PROBLEM — Quote the entries in full, character for character, without their images.

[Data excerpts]
Content starts

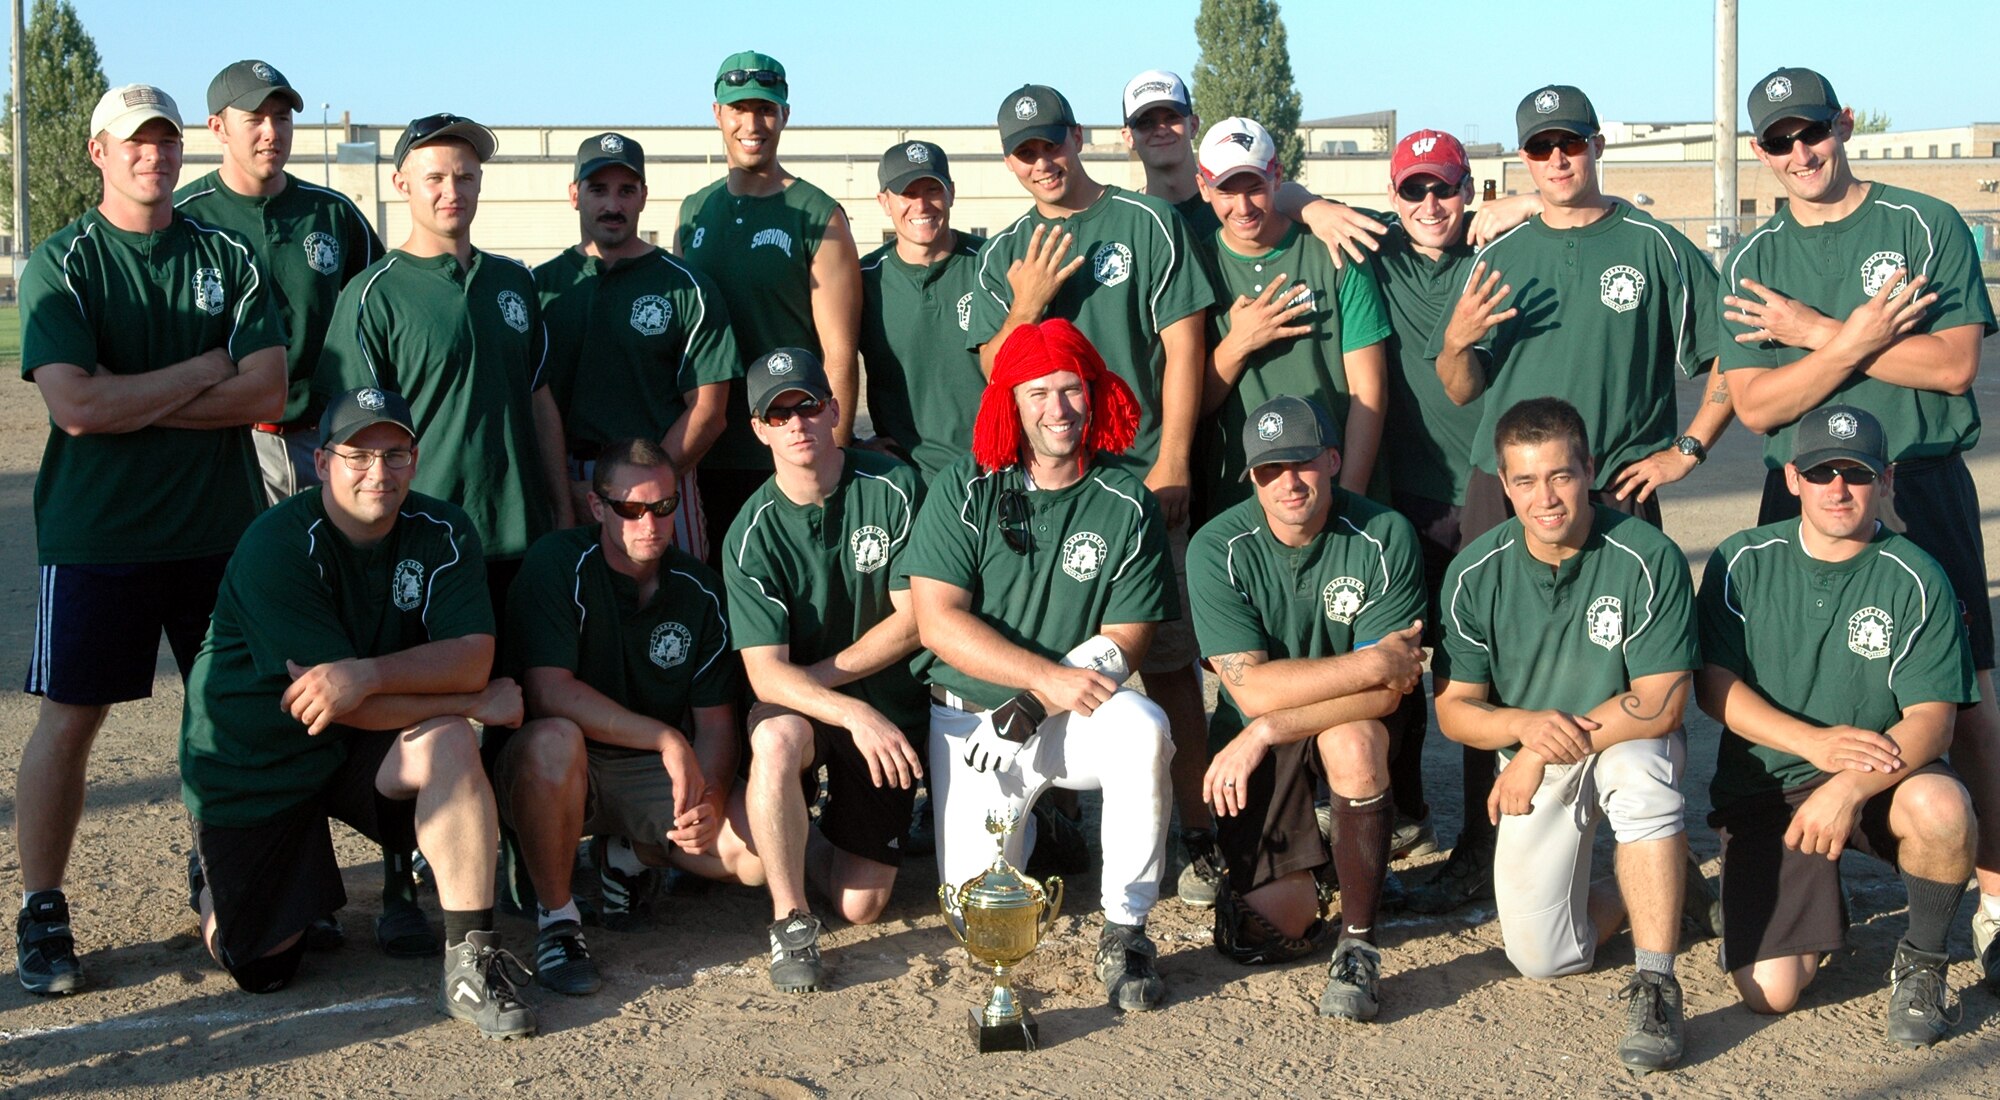 FAIRCHILD AIR FORCE BASE, Wash. -- The 336th Training Group won the 2007 base intramural softball championship here June 27 . The team was led by second year coach Senior Airman Daniel Wiggins, 22nd Training Squadron, and outlasted the 92nd Opertions Group for a 17-12 victory.

(U.S. Air Force Photo / Tech. Sgt. Larry W. Carpenter Jr.)
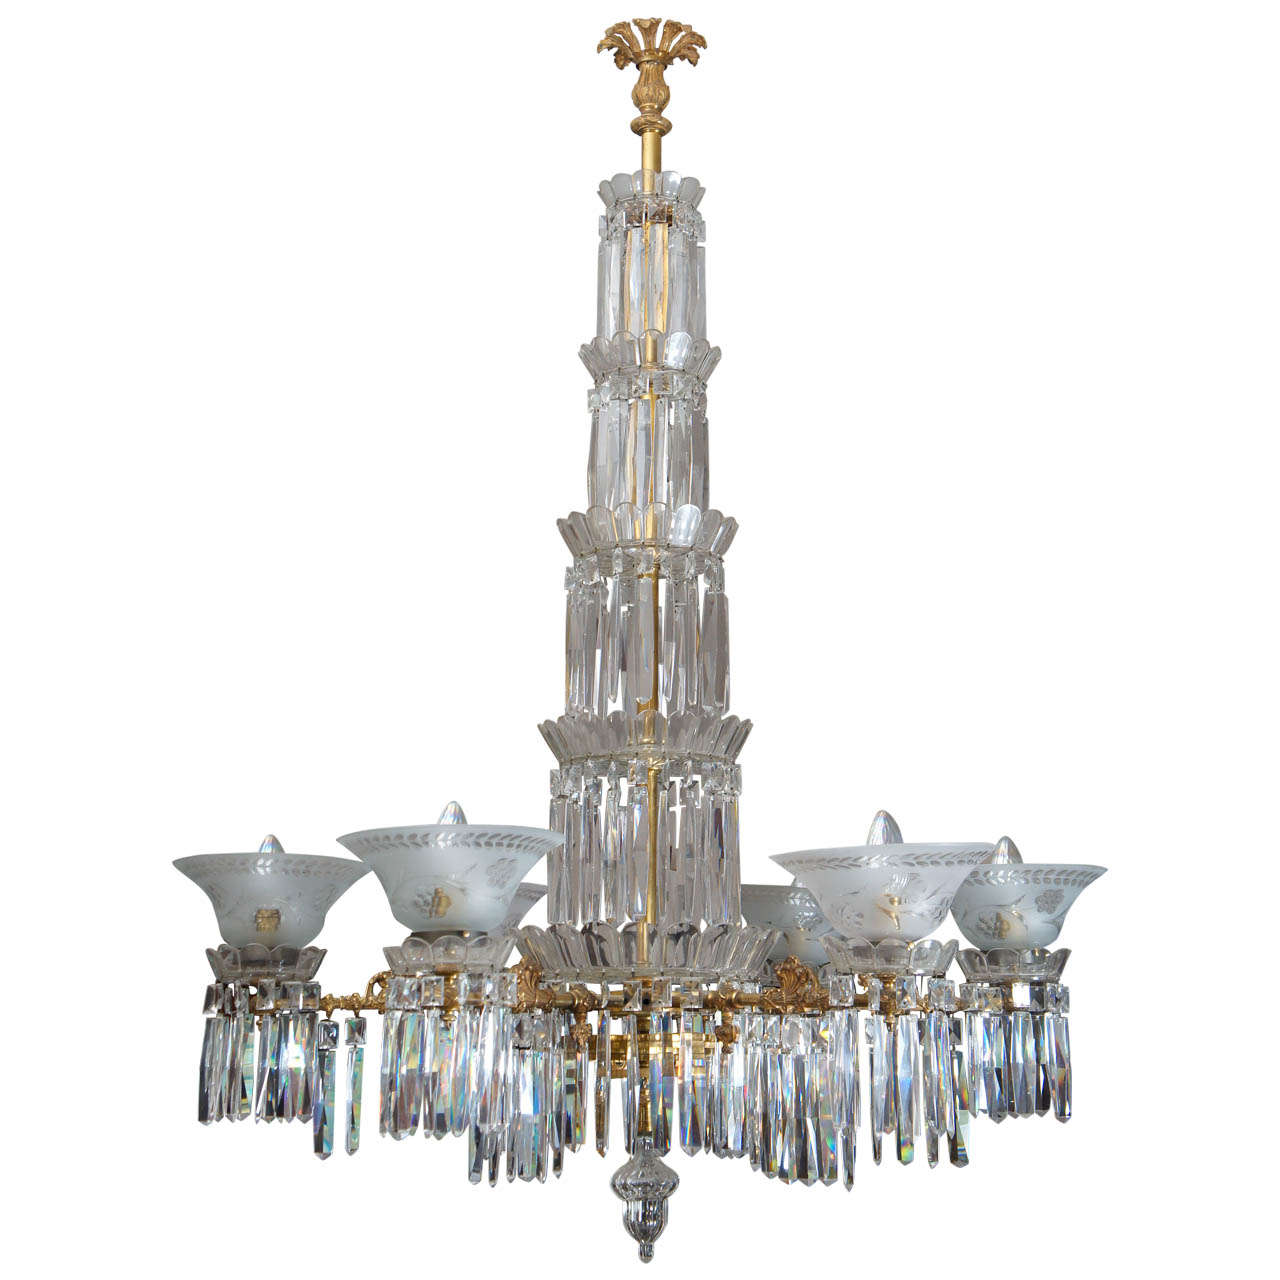 19th c. American Cut Crystal and Gilt Bronze 6 Light Gasolier/Chandelier
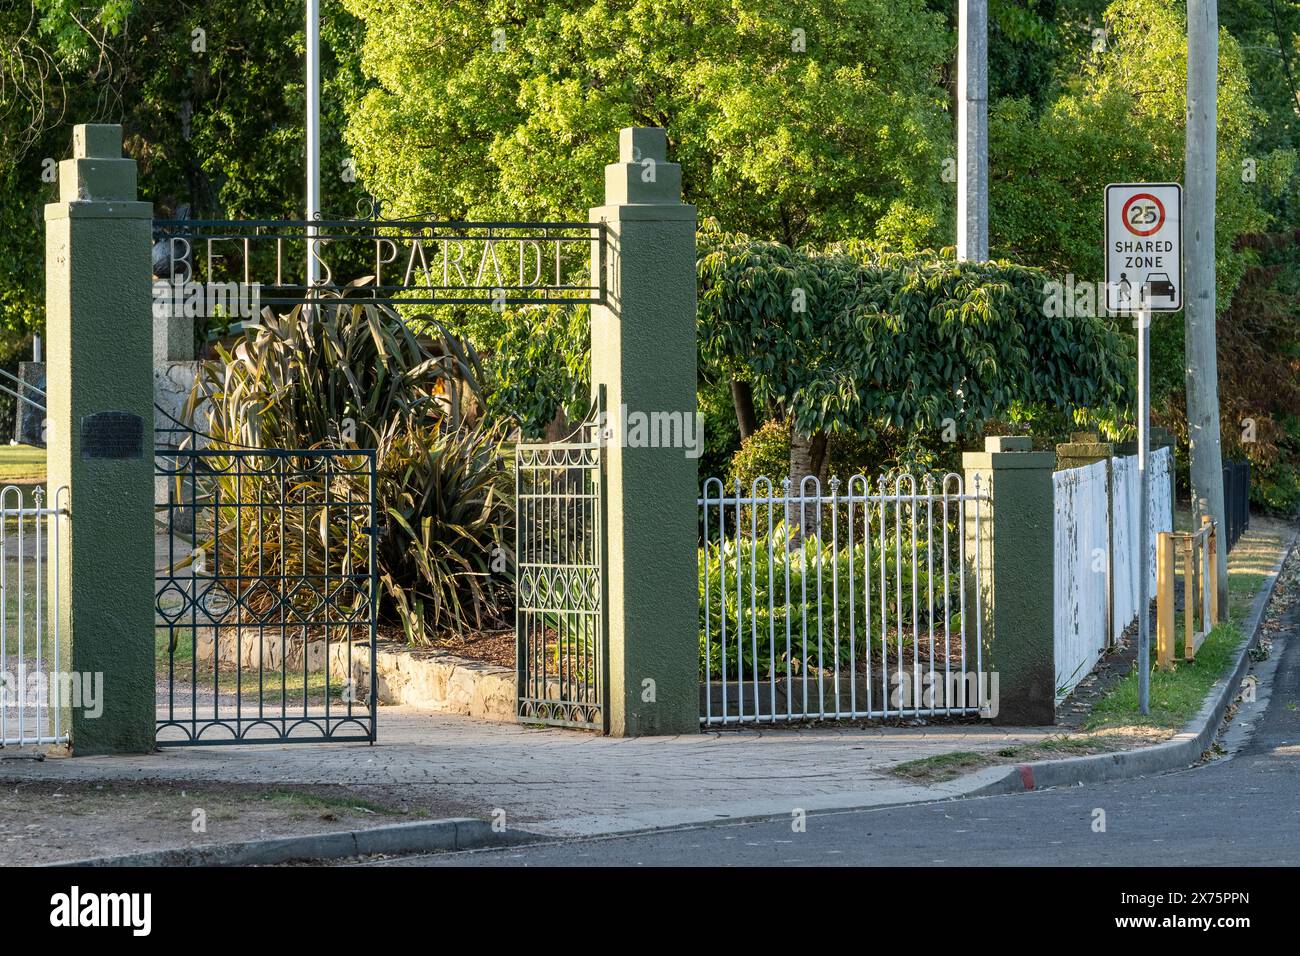 Gated entrance to the Bells Parade Reserve on the banks of the Mersey River, Latrobe, Tasmania Stock Photo
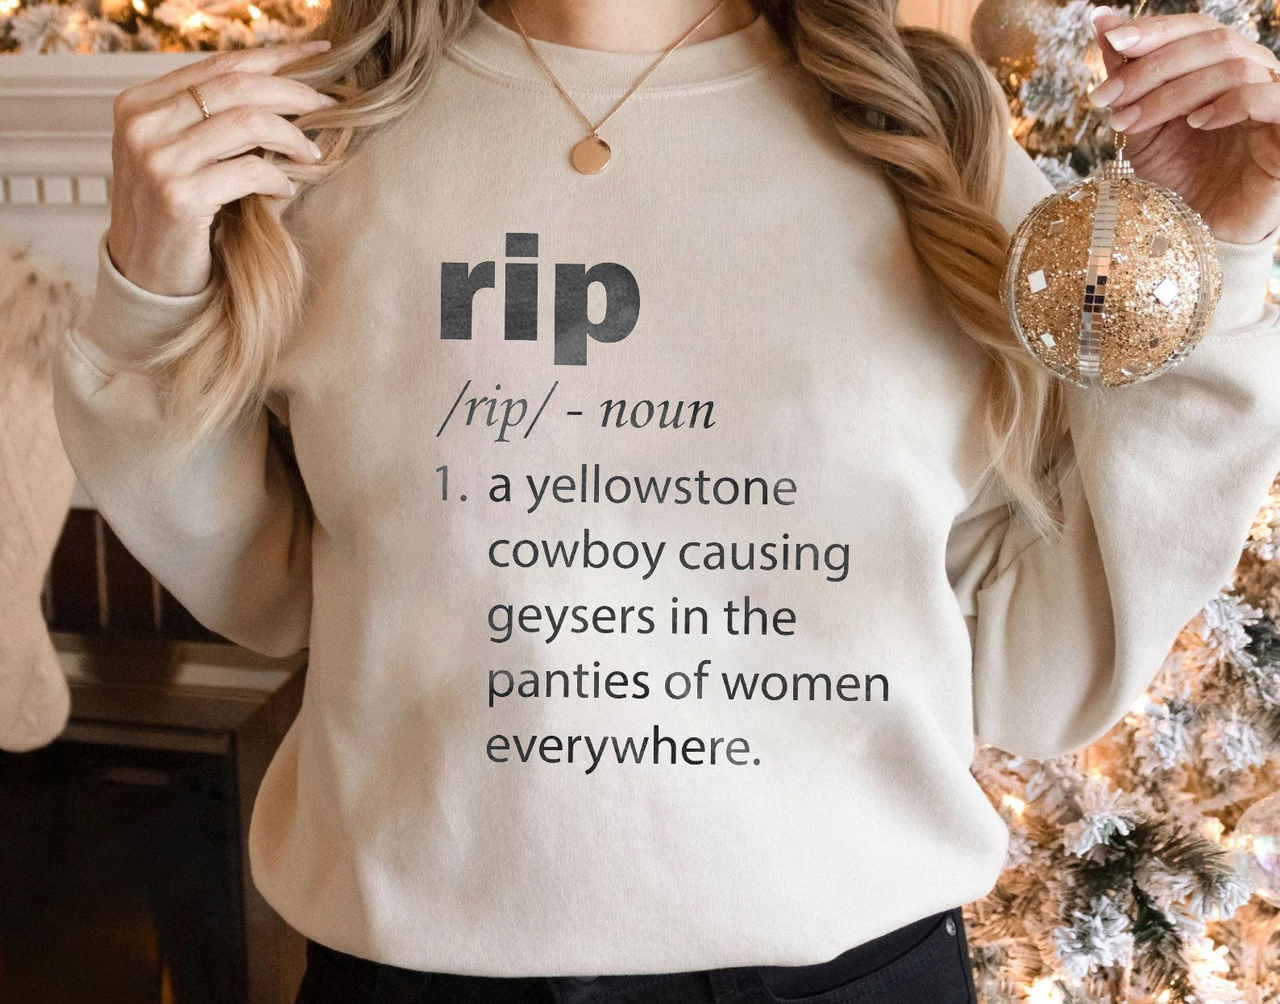 How To Look For A reliable Yellowstone Rip T-shirt Wholesaler
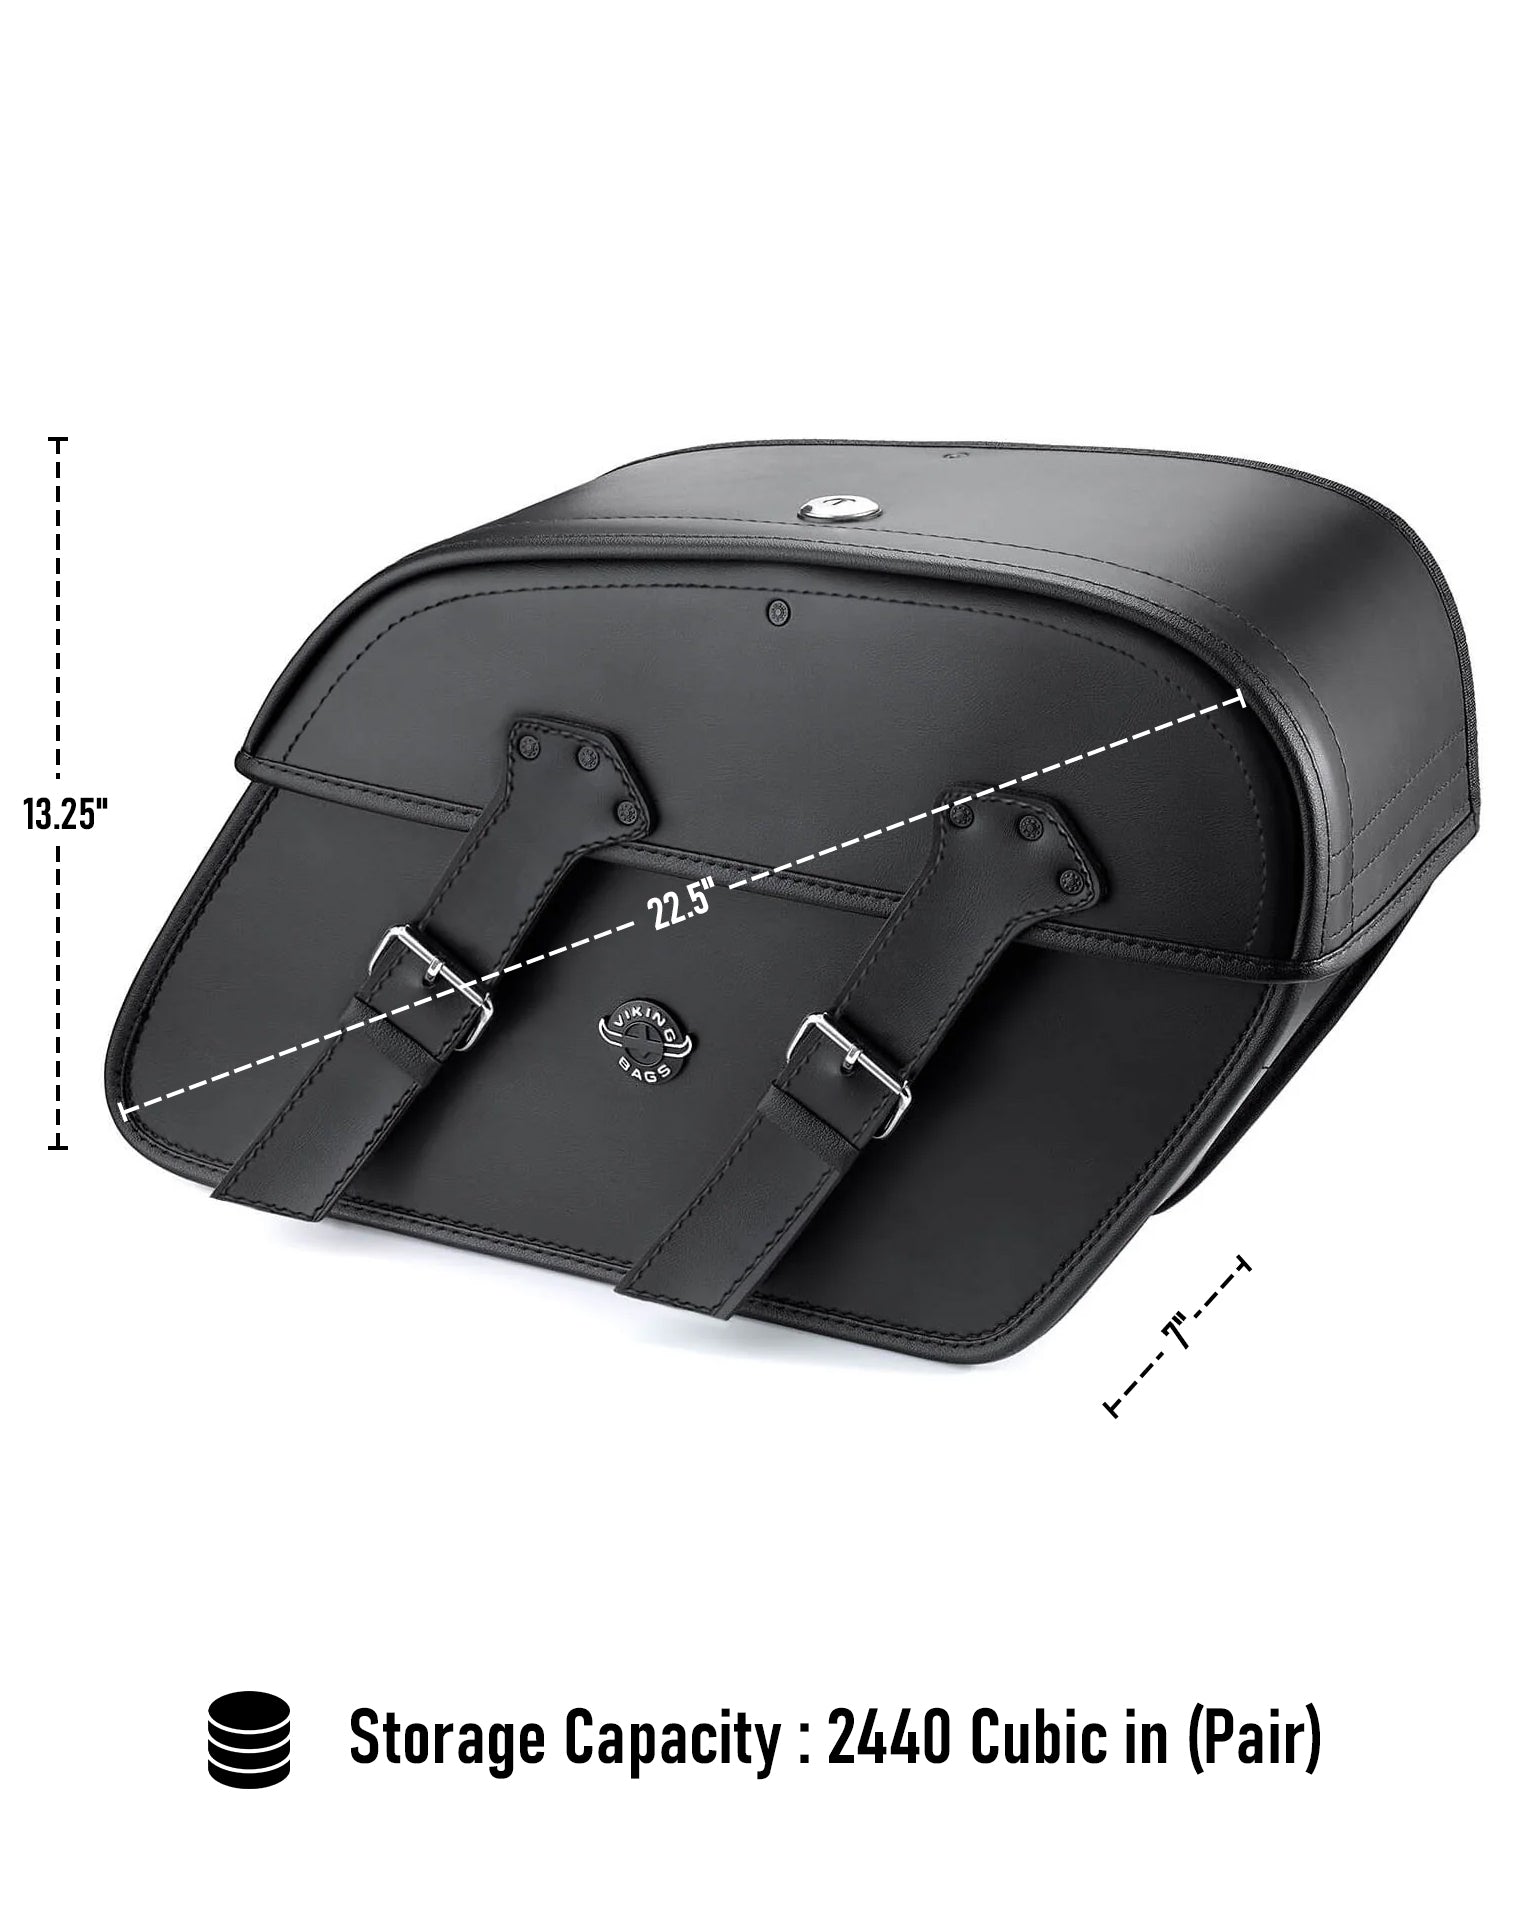 Viking Raven Extra Large Suzuki Boulevard M95 Vz1600 Leather Motorcycle Saddlebags Can Store Your Ridings Gears

Content ends

RESPONSE TO THIS TASK —
 FAIRCHILD AIR FORCE BASE, Wash. -- The 336th Training Group won the 2007 base intramural softball championship here June 27 . The team was led by second year coach Senior Airman Daniel Wiggins, 22nd Training Squadron, and outlasted the 92nd Opertions Group for a 17-12 victory.

(U.S. Air Force Photo / Tech. Sgt. Larry W. Carpenter Jr.)
 19th c. American Cut Crystal and Gilt Bronze 6 Light Gasolier/Chandelier
 Gated entrance to the Bells Parade Reserve on the banks of the Mersey River, Latrobe, Tasmania Stock Photo
 How To Look For A reliable Yellowstone Rip T-shirt Wholesaler
 Viking Raven Extra Large Suzuki Boulevard M95 Vz1600 Leather Motorcycle Saddlebags Can Store Your Ridings Gears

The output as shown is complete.